I realise that in these calculations I haven't taken into account the studs themselves but I hope that this has come across clear enough? 
Thanks in advance 
Frank

----------


## rrobor

As far as I am aware there is a maximum spacing for studs but no minimum so you can suit yourself. But be aware that you want power sockets and the like on a stud so plan for that

----------


## wyksey

A,B or C  is fine 90x45 non load bearing will span 600mm centres but 450 is always better. seen that they will only be jack studs above the opening any of your options will do.

----------


## Chumley

Apart from technical considerations, like load bearing, which you seem to have covered, I think the biggest consideration would be your sheeting.  If you are going to use wall panelling which comes in 2400 x 1200 sheets and you want to put them vertical, then your studs should have 600 centres so you can always put a join on a stud.  If you have some spare space at one end then put an extra stud in and use a cut down sheet. 
It seems that most sheeting is 1200 on the vertical span, which makes sense for 600 centres - never could figure out why 450 centres work unless you use gyprock horizontally with 2 sheets per wall. 
Cheers,
Adam

----------


## Stan 101

> Framing timber is to 90x45 F5 @ 450mm centres (I think I can go to 90x35 but the price break isn't that attractive and I want to minimise any potential movement later).

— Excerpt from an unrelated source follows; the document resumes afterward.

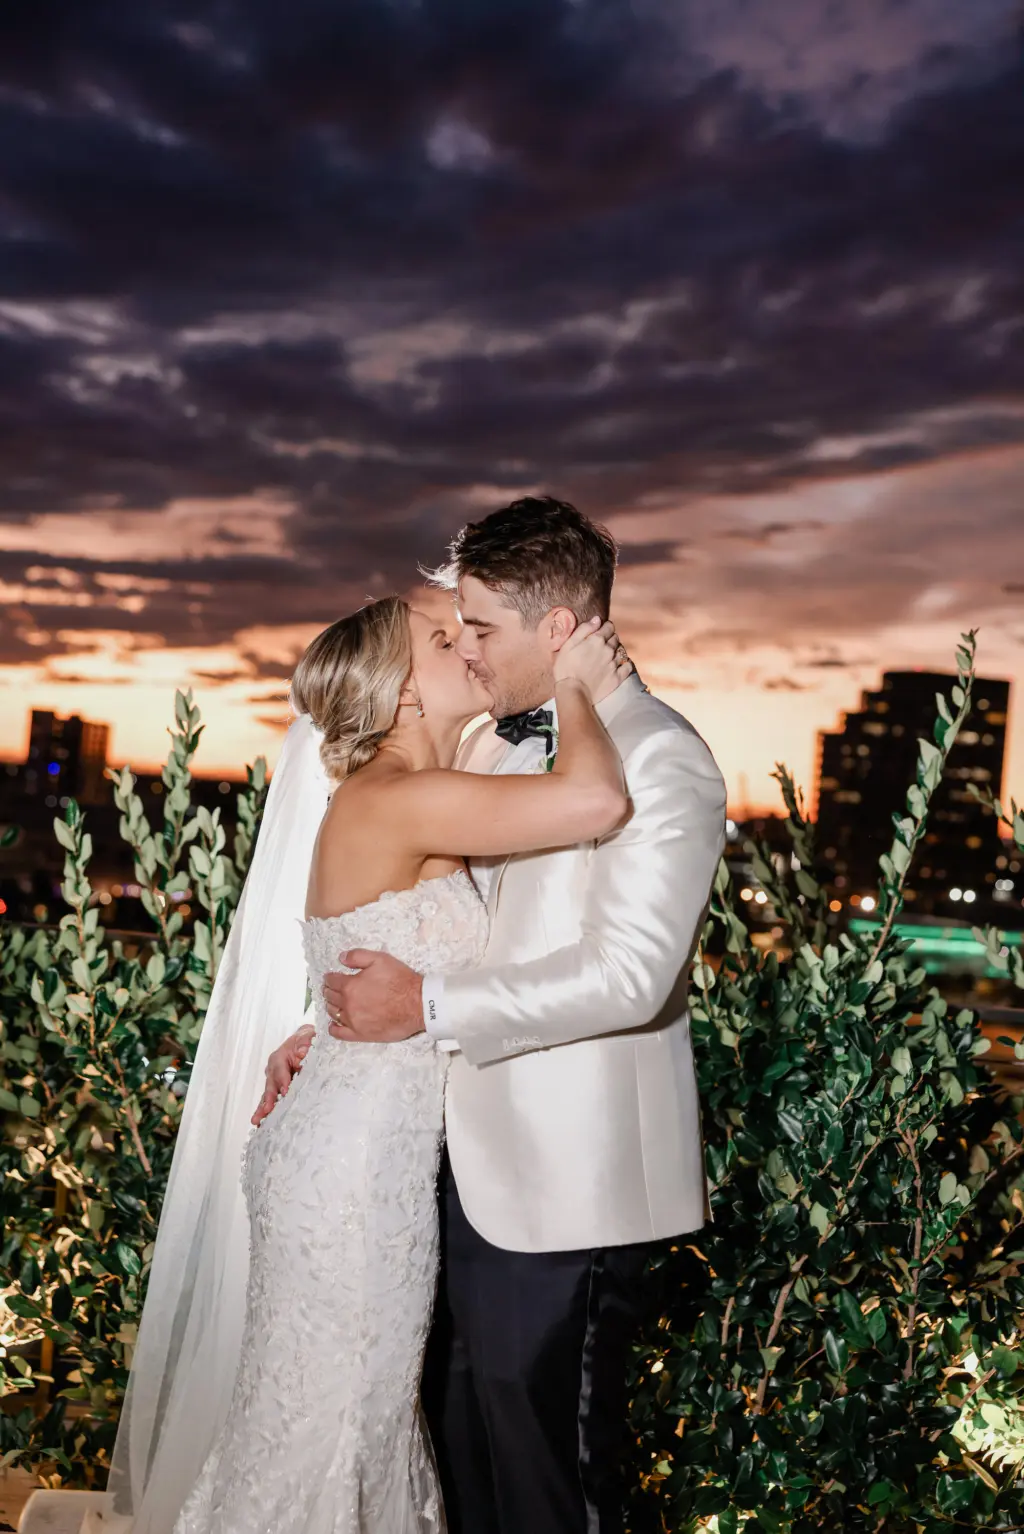 Bride and Groom Just Married Romantic Sunset Rooftop Wedding Ceremony Inspiration

  Hi Frank, If you can souce the 90x45 f5 at a good rate that's fine. 90x35 p10 would be a good choice also. 35mm F5 can be a bit ratty if it has sat in the yard in an unbroken pack for a while.
I'd happily use 70x35 P10 @ 450crs if it was from a full pack of timber or kept dry before use.    

> If I have a wall opening of oh let's say 1860, (which isn't divisable by 450), then how do I work out the stud spacings?  Do I: 
> a)  Put a stud in the centre and then work out to the edges?

  Good practice is to always work from one end and then split the difference on the last two spacings. That way you get to use as many standard noggs as possible, and it should give you room to nail in both noggs on the last two spaces. IE: with 600 mm crs and you have 800mm left split the difference (800mm - stud thickness  / 2). If you put the last stud 200mm - stud thickness you would struggle to nailt in the last nogg. 
But as mentioned, you are only worried about the overs above the opening so it is not as critical.   
Cheers,

----------


## Blocklayer

If you want to work out the spacing evenly and don't need to match sheeting width, try this spacing calculator http://www.blocklayer.com/CentersLevel.aspx 
:

----------


## Bloss

Yes but as Stan 101 said usually best to just use 450 or 600 spacings except for the two end ones or just start from one end and do 450 or 600 until the last gap and it can be what it is. That means that all noggins can be cut to the same length (in most cases now with well dimensioned timbers) bare one or two.  :2thumbsup:

----------